• _WHAT IS NEEDED_
Every line from the one containing "2005 Piston Cup Pixar Wiki" to the one containing "Собянин назвал сроки" in the records below, both included, must be set down exactly, and no other line.

• _RECORDS TO PROCESS_
+++
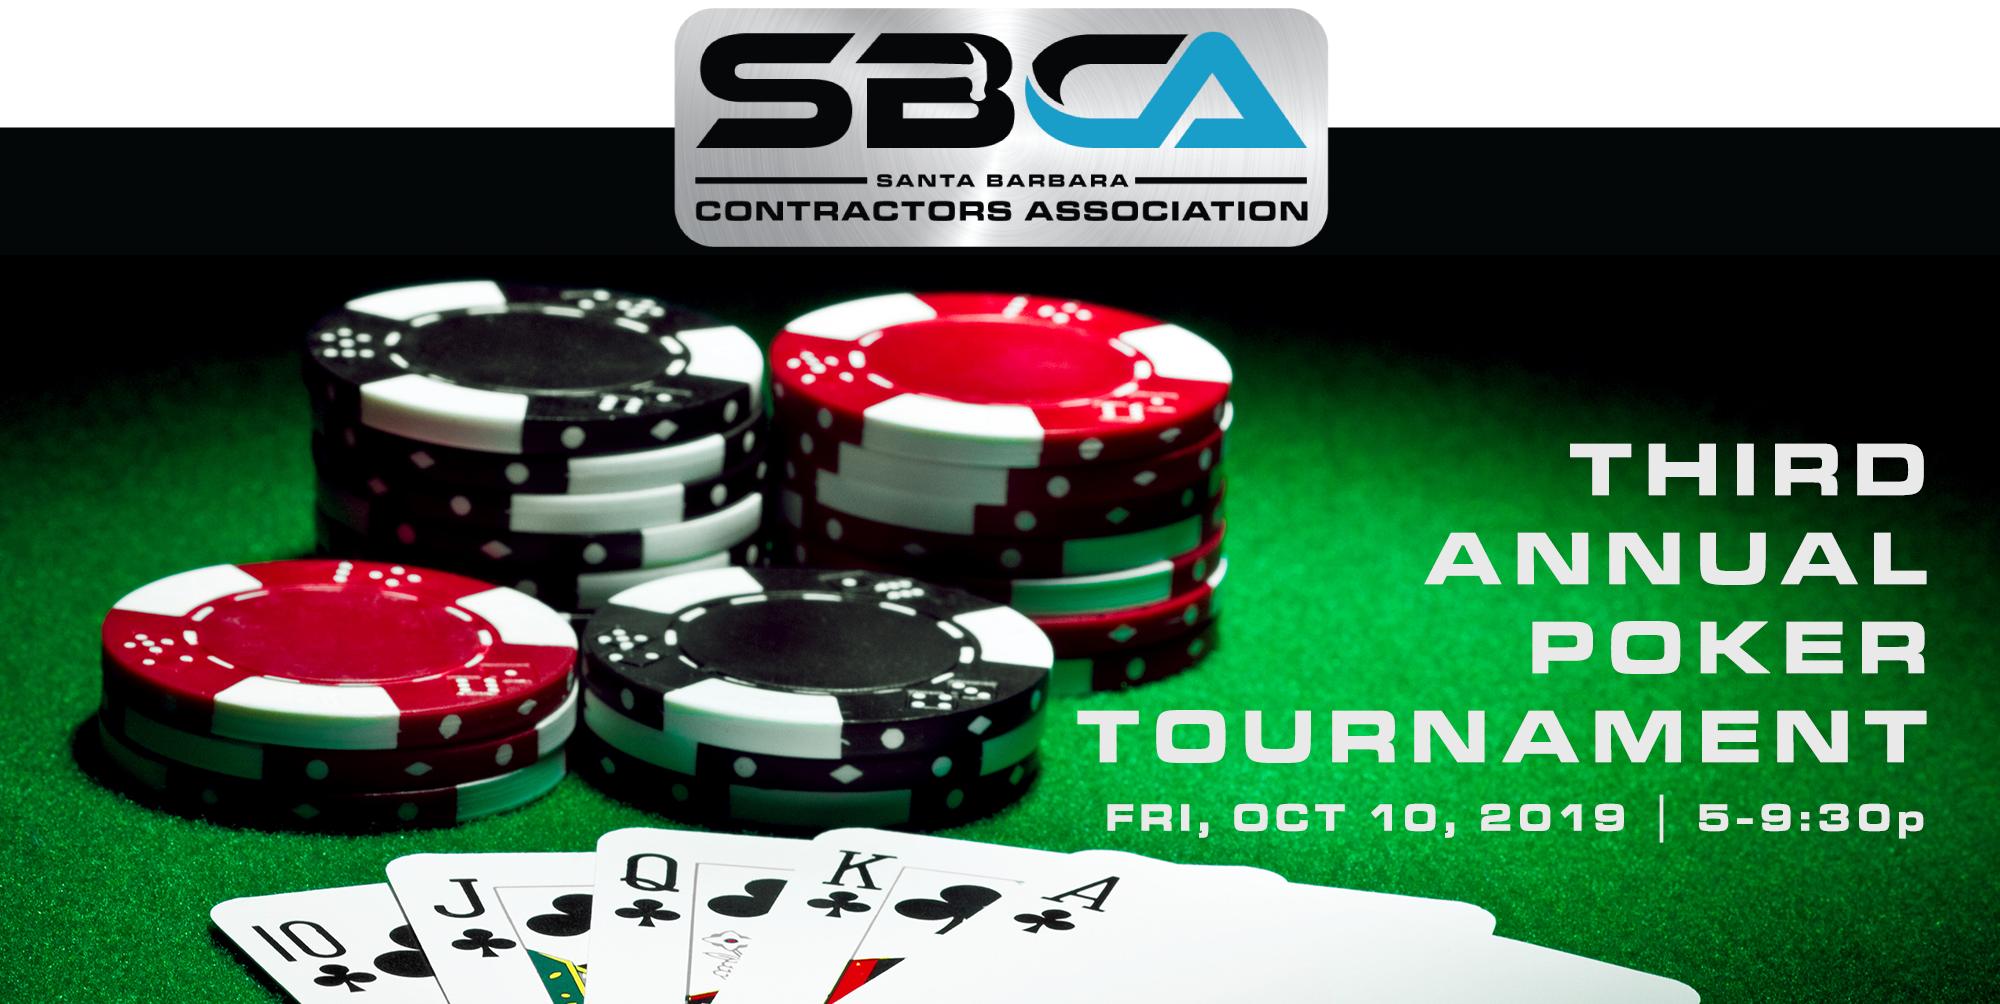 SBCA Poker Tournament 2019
+++
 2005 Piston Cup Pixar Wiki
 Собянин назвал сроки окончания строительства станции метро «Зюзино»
+++
• _PROBLEM SOLUTION_
 2005 Piston Cup Pixar Wiki
 Собянин назвал сроки окончания строительства станции метро «Зюзино»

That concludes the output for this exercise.